▶ _Exercise requirements_
Starting at the line that contains "Desert Relic - Purple", return every line through the end of the entries below, exactly and with nothing else.

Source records

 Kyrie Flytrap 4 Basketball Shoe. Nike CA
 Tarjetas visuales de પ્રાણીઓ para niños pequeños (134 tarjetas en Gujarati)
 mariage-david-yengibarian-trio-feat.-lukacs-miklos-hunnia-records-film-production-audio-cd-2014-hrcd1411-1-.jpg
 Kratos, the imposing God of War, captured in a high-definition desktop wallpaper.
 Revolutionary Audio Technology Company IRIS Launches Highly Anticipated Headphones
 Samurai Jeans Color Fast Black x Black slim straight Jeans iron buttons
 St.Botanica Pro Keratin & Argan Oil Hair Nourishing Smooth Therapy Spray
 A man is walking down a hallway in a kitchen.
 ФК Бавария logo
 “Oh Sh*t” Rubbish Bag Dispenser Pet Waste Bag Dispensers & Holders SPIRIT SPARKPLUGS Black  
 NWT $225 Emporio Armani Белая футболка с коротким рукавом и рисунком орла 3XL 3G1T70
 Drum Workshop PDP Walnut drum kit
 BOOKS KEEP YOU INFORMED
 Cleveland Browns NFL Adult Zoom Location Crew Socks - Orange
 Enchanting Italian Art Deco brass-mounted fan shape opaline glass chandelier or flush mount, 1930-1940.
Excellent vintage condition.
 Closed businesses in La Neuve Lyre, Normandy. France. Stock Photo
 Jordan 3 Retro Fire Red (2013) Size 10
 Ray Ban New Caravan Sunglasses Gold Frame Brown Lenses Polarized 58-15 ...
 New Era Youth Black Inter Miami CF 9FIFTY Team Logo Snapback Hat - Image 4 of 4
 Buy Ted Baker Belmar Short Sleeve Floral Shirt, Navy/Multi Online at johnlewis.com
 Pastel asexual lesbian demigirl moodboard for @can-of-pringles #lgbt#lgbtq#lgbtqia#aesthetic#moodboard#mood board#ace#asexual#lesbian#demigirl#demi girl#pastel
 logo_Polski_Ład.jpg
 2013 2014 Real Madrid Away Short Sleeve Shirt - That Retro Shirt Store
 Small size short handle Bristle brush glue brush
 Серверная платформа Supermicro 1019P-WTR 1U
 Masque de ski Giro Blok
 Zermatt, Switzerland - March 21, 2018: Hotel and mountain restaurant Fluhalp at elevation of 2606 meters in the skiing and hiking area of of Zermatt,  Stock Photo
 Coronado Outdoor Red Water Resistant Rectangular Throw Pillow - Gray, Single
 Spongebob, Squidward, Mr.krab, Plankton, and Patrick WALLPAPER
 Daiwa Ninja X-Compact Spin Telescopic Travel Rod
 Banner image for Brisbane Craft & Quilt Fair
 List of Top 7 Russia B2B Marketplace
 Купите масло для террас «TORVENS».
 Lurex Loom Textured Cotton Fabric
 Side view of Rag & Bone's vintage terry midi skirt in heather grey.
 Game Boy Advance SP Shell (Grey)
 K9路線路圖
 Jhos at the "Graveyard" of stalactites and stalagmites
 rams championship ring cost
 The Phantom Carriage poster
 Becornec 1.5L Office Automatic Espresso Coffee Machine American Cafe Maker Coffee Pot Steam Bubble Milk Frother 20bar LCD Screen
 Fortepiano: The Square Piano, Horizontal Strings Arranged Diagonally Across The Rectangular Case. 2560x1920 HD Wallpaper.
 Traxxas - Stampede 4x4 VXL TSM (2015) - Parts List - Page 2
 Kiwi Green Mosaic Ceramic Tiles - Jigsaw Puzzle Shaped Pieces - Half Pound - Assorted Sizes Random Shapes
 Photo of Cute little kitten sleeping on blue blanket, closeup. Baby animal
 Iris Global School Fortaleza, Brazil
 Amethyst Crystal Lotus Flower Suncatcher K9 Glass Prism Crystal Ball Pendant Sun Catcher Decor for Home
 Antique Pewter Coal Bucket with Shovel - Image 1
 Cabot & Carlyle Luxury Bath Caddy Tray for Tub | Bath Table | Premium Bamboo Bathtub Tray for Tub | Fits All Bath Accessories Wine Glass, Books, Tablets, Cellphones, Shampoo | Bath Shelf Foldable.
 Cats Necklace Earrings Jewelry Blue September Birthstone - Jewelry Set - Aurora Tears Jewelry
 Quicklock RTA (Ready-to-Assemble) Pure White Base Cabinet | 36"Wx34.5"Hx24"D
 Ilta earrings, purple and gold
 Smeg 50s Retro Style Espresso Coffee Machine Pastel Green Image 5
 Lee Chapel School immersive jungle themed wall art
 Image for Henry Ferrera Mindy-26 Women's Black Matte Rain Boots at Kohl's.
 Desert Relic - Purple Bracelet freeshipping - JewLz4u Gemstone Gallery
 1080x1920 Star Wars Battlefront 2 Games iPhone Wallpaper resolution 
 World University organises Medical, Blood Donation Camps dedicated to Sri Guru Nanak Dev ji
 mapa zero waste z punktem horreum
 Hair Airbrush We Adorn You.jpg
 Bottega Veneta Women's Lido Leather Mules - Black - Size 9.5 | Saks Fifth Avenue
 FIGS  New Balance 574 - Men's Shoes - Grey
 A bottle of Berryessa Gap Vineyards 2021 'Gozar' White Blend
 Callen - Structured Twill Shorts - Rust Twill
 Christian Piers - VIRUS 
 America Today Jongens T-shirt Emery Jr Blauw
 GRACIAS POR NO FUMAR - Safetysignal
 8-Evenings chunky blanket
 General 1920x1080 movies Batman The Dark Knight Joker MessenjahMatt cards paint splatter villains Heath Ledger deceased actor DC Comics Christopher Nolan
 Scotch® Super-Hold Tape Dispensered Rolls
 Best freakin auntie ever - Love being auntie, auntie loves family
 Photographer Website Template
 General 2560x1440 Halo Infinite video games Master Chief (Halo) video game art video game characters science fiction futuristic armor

▶ _Exercise result_
 Desert Relic - Purple Bracelet freeshipping - JewLz4u Gemstone Gallery
 1080x1920 Star Wars Battlefront 2 Games iPhone Wallpaper resolution 
 World University organises Medical, Blood Donation Camps dedicated to Sri Guru Nanak Dev ji
 mapa zero waste z punktem horreum
 Hair Airbrush We Adorn You.jpg
 Bottega Veneta Women's Lido Leather Mules - Black - Size 9.5 | Saks Fifth Avenue
 FIGS  New Balance 574 - Men's Shoes - Grey
 A bottle of Berryessa Gap Vineyards 2021 'Gozar' White Blend
 Callen - Structured Twill Shorts - Rust Twill
 Christian Piers - VIRUS 
 America Today Jongens T-shirt Emery Jr Blauw
 GRACIAS POR NO FUMAR - Safetysignal
 8-Evenings chunky blanket
 General 1920x1080 movies Batman The Dark Knight Joker MessenjahMatt cards paint splatter villains Heath Ledger deceased actor DC Comics Christopher Nolan
 Scotch® Super-Hold Tape Dispensered Rolls
 Best freakin auntie ever - Love being auntie, auntie loves family
 Photographer Website Template
 General 2560x1440 Halo Infinite video games Master Chief (Halo) video game art video game characters science fiction futuristic armor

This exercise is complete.